■ TASK DESCRIPTION ■
Each line in the records below, from the one that contains "How to Update Your Sony Bravia TV" to the one that contains "Comme des Garçons", should be reproduced exactly, the first and last included.

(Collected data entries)
============
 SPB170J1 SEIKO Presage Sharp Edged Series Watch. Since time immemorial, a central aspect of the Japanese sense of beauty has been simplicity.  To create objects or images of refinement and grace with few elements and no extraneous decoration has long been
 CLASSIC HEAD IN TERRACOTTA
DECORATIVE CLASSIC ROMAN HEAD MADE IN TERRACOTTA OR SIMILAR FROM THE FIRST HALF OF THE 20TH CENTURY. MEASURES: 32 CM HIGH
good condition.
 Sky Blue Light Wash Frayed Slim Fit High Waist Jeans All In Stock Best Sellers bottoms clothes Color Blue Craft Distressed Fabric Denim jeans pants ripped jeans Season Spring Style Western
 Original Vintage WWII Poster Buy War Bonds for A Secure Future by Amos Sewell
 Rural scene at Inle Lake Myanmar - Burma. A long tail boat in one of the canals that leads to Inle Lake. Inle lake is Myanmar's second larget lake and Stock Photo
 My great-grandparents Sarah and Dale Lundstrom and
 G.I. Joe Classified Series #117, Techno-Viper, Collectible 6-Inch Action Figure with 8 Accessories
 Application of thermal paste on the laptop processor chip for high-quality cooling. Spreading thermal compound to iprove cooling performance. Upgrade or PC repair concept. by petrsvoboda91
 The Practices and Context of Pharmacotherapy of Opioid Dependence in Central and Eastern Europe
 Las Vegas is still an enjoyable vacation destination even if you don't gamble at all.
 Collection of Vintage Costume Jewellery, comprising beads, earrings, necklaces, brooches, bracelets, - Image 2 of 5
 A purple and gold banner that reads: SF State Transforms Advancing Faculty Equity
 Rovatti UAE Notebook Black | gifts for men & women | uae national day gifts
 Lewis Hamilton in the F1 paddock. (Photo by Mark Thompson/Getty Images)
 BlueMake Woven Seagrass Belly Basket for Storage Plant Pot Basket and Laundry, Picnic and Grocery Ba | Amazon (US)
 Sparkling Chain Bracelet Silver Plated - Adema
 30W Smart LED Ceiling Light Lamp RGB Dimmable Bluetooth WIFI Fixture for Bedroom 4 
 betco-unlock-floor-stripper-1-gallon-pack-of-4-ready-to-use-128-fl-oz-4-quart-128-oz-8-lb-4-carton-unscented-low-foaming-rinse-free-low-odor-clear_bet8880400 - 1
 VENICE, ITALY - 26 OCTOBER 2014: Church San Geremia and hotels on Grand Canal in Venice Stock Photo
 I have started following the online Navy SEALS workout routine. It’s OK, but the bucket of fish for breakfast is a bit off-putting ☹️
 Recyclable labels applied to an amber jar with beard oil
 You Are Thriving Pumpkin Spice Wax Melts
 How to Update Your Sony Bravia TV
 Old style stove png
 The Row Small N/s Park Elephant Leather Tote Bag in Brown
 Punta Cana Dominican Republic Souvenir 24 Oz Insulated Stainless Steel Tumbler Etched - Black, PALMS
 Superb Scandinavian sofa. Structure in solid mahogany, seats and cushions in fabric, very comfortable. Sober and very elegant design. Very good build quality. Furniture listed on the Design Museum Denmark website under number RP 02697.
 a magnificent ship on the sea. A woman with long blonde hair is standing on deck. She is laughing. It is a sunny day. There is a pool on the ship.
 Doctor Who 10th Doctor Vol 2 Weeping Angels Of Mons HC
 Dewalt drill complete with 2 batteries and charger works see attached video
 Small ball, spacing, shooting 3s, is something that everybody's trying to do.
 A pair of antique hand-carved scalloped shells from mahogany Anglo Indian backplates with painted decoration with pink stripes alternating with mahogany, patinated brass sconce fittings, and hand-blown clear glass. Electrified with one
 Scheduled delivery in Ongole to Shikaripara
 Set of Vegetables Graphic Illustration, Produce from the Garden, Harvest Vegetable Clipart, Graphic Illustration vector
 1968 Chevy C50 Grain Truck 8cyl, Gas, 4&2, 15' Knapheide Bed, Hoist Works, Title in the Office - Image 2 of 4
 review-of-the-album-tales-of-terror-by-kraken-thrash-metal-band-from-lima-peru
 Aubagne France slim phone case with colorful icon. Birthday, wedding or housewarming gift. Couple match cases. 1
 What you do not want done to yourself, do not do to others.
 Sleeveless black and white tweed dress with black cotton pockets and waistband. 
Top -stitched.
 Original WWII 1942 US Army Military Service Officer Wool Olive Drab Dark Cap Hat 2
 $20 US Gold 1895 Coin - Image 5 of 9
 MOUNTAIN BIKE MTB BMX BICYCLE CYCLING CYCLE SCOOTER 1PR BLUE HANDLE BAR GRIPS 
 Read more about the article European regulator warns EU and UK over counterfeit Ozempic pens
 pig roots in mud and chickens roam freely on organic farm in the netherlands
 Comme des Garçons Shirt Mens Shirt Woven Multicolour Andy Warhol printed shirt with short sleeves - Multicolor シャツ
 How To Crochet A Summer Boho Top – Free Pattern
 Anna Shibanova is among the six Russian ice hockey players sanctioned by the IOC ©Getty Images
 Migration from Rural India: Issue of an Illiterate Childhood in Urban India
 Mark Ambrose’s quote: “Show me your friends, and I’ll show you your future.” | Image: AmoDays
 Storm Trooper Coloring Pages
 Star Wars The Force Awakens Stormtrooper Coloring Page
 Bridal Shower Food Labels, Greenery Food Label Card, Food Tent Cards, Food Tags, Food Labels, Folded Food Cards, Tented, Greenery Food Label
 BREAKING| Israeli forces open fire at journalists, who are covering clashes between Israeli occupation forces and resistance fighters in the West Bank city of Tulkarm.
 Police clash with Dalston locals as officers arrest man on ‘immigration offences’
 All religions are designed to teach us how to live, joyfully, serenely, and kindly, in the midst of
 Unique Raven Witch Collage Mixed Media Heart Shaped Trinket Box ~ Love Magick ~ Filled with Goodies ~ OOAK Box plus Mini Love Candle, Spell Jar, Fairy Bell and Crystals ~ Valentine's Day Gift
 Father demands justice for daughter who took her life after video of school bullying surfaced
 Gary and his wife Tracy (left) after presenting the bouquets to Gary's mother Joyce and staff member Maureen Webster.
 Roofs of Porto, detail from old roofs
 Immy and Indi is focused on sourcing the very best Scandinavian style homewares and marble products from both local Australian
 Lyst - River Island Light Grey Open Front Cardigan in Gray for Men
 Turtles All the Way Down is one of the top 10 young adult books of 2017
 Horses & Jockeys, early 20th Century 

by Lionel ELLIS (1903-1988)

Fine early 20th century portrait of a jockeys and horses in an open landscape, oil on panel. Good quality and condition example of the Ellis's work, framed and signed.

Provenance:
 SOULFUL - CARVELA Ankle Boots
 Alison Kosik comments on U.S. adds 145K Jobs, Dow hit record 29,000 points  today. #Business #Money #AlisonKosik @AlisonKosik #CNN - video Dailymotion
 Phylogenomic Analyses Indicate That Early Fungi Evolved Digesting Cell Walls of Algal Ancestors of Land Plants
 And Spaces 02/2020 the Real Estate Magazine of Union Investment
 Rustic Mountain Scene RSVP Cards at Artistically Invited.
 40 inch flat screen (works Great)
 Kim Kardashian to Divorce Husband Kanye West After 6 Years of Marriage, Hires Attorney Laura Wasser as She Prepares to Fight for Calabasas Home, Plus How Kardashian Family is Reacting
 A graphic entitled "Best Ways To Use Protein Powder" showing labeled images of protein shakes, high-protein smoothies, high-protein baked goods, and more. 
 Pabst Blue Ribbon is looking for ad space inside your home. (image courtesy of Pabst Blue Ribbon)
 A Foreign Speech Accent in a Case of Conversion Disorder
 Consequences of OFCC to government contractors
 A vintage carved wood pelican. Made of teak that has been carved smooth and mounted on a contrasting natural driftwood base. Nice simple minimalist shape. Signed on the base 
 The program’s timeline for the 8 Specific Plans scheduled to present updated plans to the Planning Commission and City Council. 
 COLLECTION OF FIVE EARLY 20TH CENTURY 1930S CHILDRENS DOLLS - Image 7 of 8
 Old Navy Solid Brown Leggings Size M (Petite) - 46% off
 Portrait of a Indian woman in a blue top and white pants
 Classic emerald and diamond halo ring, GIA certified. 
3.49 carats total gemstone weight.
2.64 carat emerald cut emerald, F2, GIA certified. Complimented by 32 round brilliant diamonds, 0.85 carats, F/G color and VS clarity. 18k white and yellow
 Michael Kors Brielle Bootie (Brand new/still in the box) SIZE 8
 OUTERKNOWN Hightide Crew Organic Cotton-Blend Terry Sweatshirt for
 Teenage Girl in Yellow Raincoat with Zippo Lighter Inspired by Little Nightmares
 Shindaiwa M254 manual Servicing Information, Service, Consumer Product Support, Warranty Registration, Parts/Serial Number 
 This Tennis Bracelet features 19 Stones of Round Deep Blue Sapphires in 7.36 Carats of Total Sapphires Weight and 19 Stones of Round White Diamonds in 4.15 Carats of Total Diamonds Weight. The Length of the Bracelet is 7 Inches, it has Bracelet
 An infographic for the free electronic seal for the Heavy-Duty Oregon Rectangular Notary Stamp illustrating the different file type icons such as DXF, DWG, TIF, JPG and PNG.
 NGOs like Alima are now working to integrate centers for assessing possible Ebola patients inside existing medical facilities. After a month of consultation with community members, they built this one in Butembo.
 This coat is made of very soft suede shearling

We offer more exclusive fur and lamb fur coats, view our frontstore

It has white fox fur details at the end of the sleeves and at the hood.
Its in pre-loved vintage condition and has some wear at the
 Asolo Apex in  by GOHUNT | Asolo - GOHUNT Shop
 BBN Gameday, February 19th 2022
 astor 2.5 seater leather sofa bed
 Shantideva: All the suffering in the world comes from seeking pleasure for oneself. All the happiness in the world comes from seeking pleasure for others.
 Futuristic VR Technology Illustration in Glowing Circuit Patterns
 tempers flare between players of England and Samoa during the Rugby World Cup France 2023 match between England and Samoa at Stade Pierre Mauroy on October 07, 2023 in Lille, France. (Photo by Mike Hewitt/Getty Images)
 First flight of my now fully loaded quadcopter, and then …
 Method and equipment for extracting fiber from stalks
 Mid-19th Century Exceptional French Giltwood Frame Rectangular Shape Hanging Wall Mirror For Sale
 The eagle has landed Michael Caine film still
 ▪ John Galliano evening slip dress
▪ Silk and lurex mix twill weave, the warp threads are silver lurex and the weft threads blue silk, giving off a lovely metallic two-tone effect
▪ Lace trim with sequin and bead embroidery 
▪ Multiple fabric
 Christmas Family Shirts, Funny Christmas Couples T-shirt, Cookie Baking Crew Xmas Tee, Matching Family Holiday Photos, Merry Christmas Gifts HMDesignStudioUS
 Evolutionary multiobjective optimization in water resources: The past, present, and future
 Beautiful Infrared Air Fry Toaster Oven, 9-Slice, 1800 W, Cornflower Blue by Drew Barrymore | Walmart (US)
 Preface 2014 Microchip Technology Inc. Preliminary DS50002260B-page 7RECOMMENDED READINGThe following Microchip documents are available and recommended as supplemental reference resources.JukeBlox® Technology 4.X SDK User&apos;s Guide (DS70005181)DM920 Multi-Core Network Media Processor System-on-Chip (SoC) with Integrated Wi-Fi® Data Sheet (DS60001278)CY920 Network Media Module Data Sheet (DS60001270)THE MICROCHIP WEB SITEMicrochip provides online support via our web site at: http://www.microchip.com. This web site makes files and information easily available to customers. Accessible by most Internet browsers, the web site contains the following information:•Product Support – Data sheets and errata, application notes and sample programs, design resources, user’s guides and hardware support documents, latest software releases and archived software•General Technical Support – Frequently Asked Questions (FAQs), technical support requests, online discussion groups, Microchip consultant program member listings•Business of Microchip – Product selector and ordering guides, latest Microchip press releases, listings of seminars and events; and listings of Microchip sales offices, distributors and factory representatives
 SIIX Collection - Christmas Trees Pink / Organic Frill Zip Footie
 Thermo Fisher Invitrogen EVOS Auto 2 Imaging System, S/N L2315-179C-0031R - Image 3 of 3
============
■ SOLUTION TO THIS PROBLEM ■
 How to Update Your Sony Bravia TV
 Old style stove png
 The Row Small N/s Park Elephant Leather Tote Bag in Brown
 Punta Cana Dominican Republic Souvenir 24 Oz Insulated Stainless Steel Tumbler Etched - Black, PALMS
 Superb Scandinavian sofa. Structure in solid mahogany, seats and cushions in fabric, very comfortable. Sober and very elegant design. Very good build quality. Furniture listed on the Design Museum Denmark website under number RP 02697.
 a magnificent ship on the sea. A woman with long blonde hair is standing on deck. She is laughing. It is a sunny day. There is a pool on the ship.
 Doctor Who 10th Doctor Vol 2 Weeping Angels Of Mons HC
 Dewalt drill complete with 2 batteries and charger works see attached video
 Small ball, spacing, shooting 3s, is something that everybody's trying to do.
 A pair of antique hand-carved scalloped shells from mahogany Anglo Indian backplates with painted decoration with pink stripes alternating with mahogany, patinated brass sconce fittings, and hand-blown clear glass. Electrified with one
 Scheduled delivery in Ongole to Shikaripara
 Set of Vegetables Graphic Illustration, Produce from the Garden, Harvest Vegetable Clipart, Graphic Illustration vector
 1968 Chevy C50 Grain Truck 8cyl, Gas, 4&2, 15' Knapheide Bed, Hoist Works, Title in the Office - Image 2 of 4
 review-of-the-album-tales-of-terror-by-kraken-thrash-metal-band-from-lima-peru
 Aubagne France slim phone case with colorful icon. Birthday, wedding or housewarming gift. Couple match cases. 1
 What you do not want done to yourself, do not do to others.
 Sleeveless black and white tweed dress with black cotton pockets and waistband. 
Top -stitched.
 Original WWII 1942 US Army Military Service Officer Wool Olive Drab Dark Cap Hat 2
 $20 US Gold 1895 Coin - Image 5 of 9
 MOUNTAIN BIKE MTB BMX BICYCLE CYCLING CYCLE SCOOTER 1PR BLUE HANDLE BAR GRIPS 
 Read more about the article European regulator warns EU and UK over counterfeit Ozempic pens
 pig roots in mud and chickens roam freely on organic farm in the netherlands
 Comme des Garçons Shirt Mens Shirt Woven Multicolour Andy Warhol printed shirt with short sleeves - Multicolor シャツ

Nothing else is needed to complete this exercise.